● **Information supplied**:

════════════════════

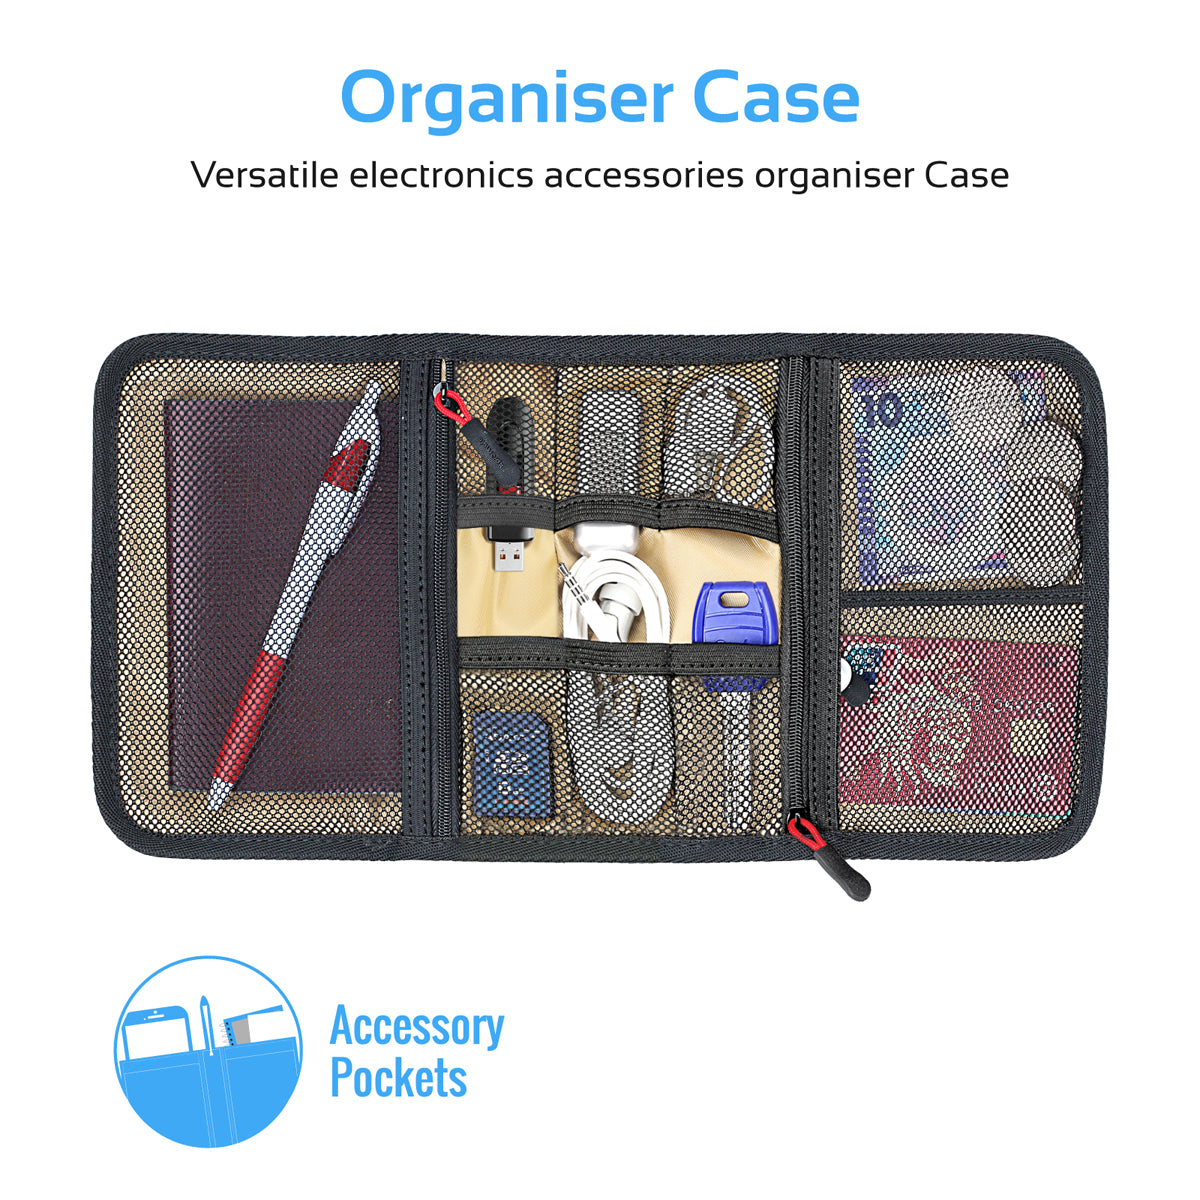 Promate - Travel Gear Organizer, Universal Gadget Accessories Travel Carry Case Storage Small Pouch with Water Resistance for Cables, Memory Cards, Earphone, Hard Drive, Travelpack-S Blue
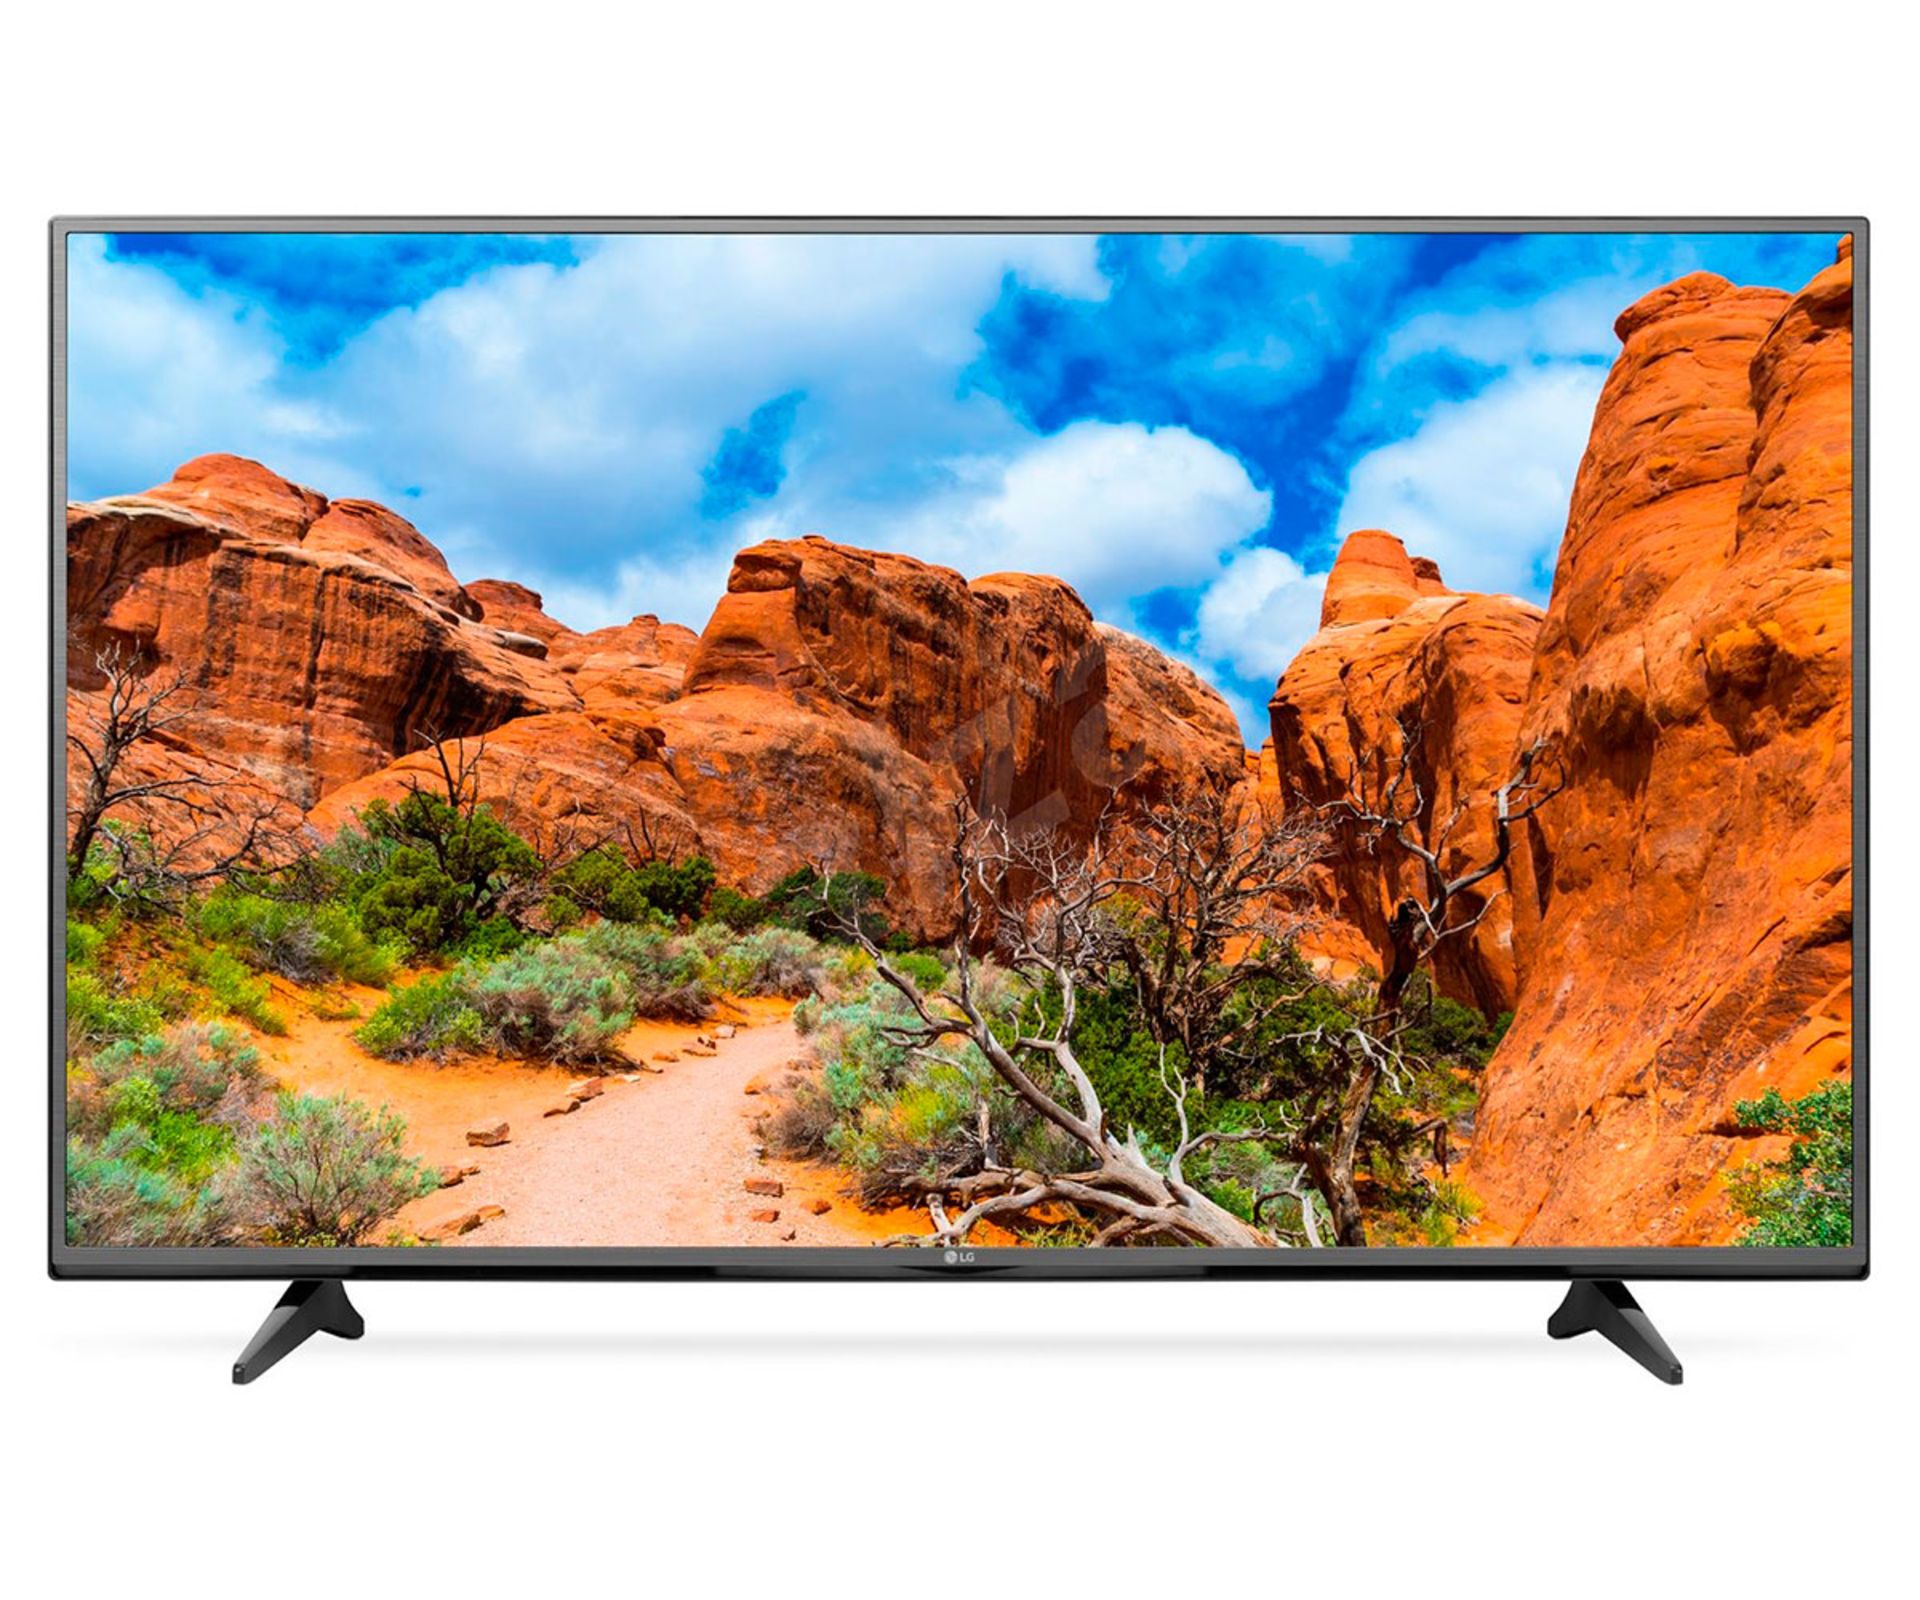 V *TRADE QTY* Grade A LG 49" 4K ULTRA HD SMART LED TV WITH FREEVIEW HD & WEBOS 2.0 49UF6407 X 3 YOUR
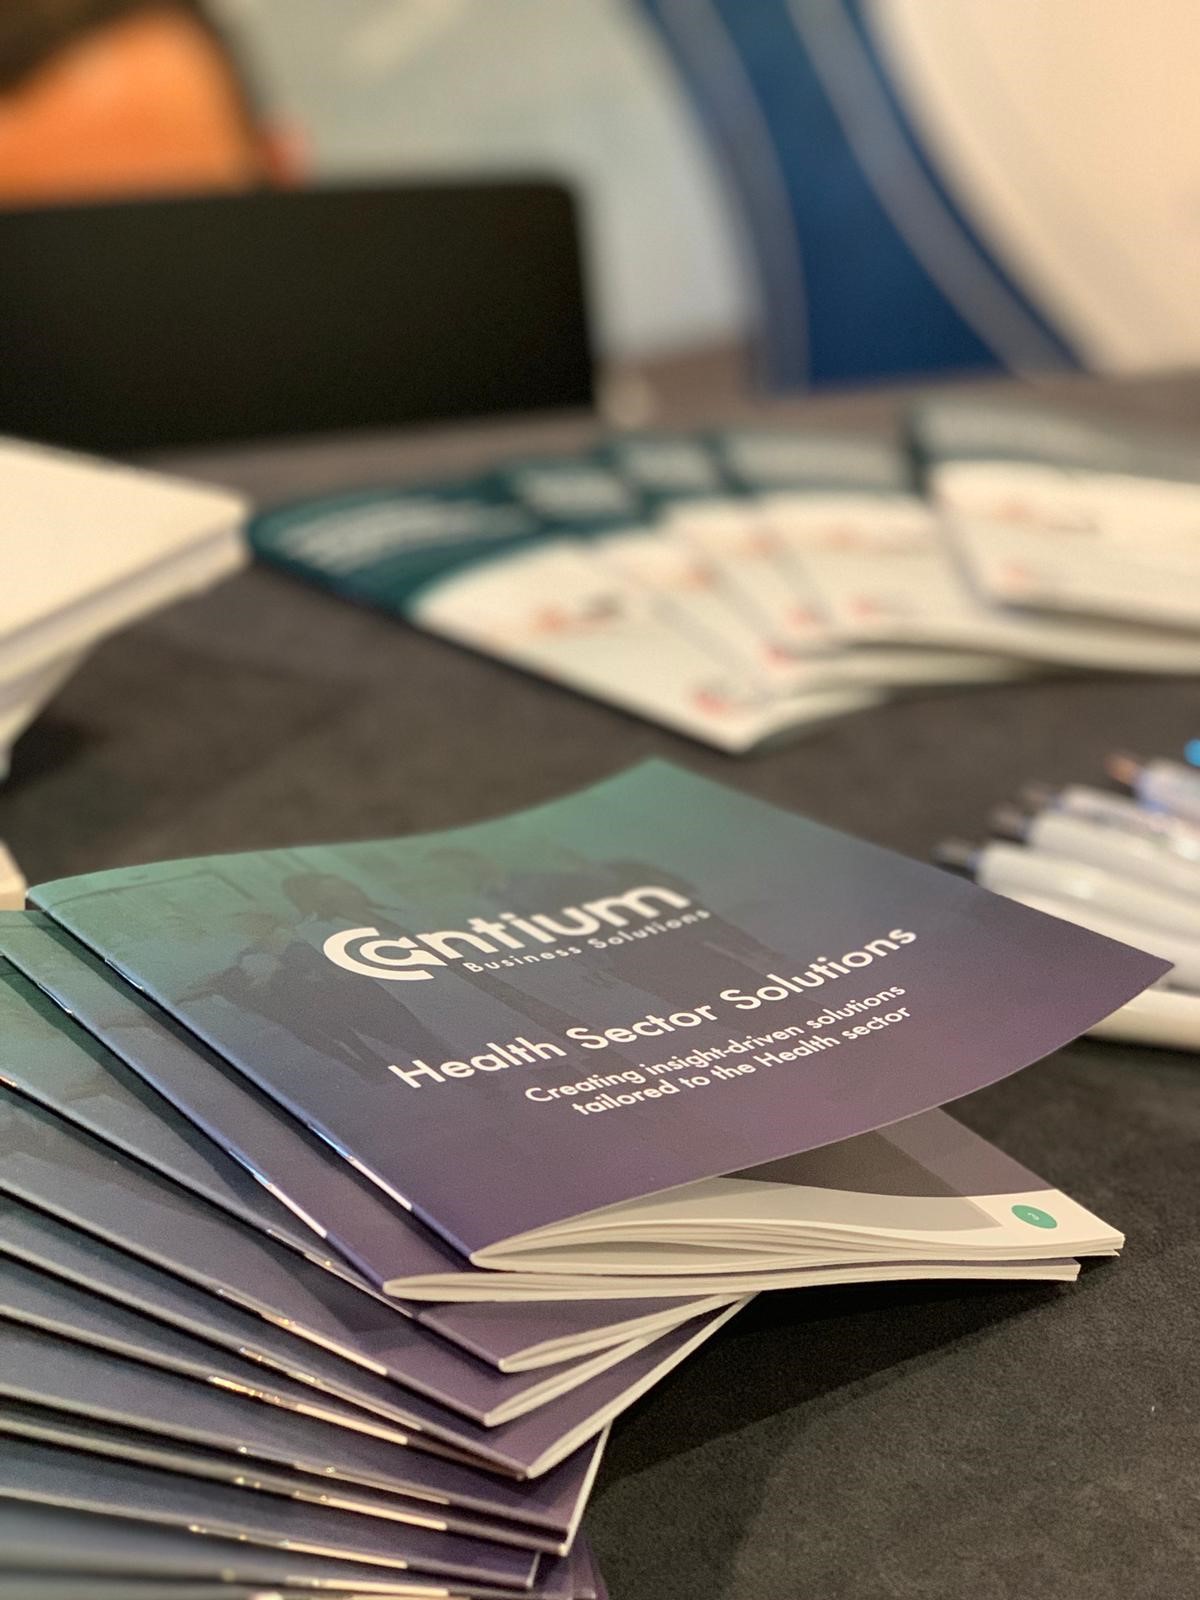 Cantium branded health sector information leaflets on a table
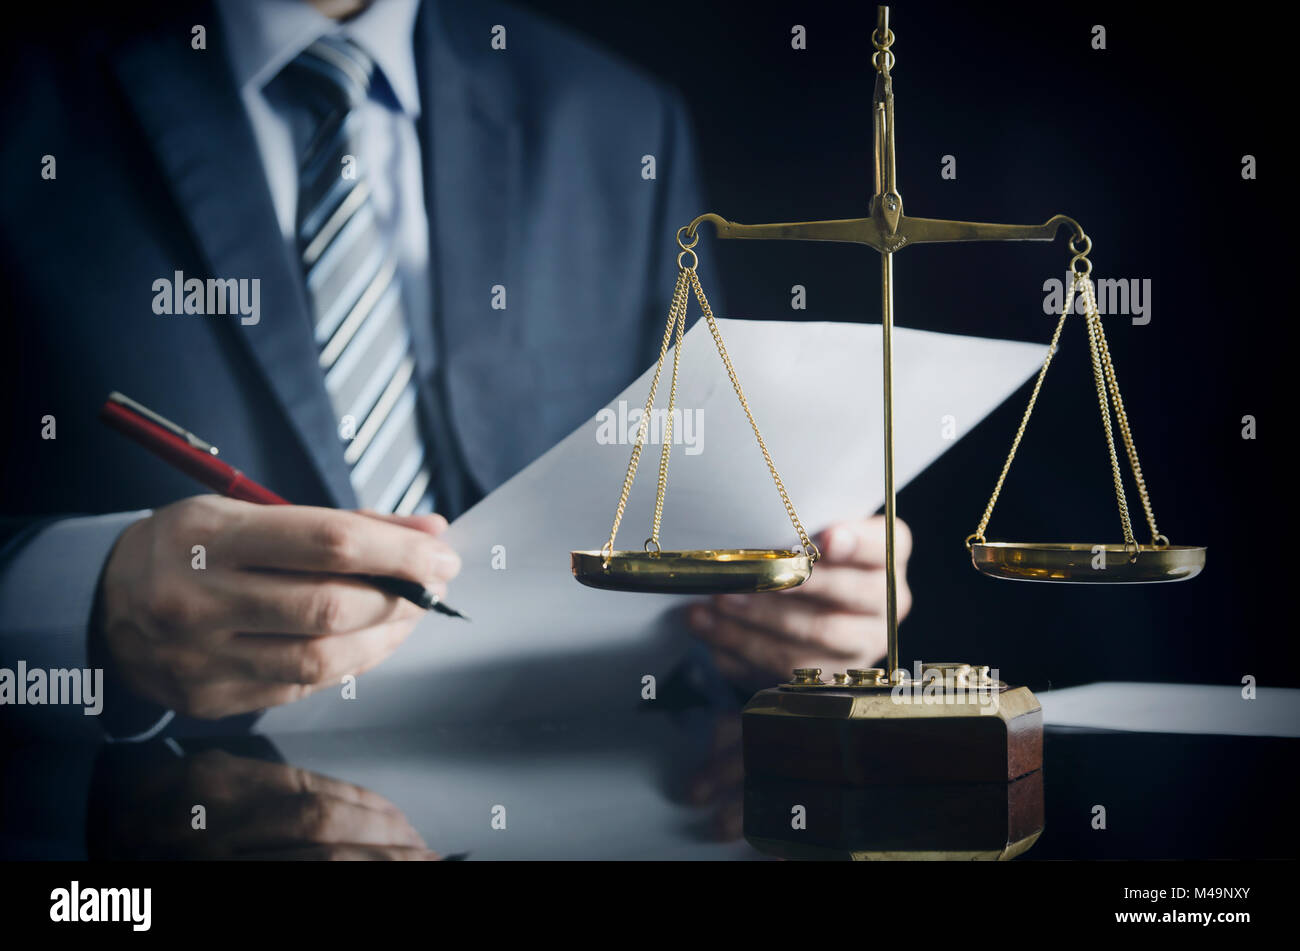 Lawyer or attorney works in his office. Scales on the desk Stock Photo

════════════════════

● **The task**: Exactly those lines that run from the line holding "V *TRADE QTY*" to the end of the listing above, both included, are to be reproduced, with pictures left out.

● **Solution**:
 V *TRADE QTY* Grade A LG 49" 4K ULTRA HD SMART LED TV WITH FREEVIEW HD & WEBOS 2.0 49UF6407 X 3 YOUR
 Cantium branded health sector information leaflets on a table
 Lawyer or attorney works in his office. Scales on the desk Stock Photo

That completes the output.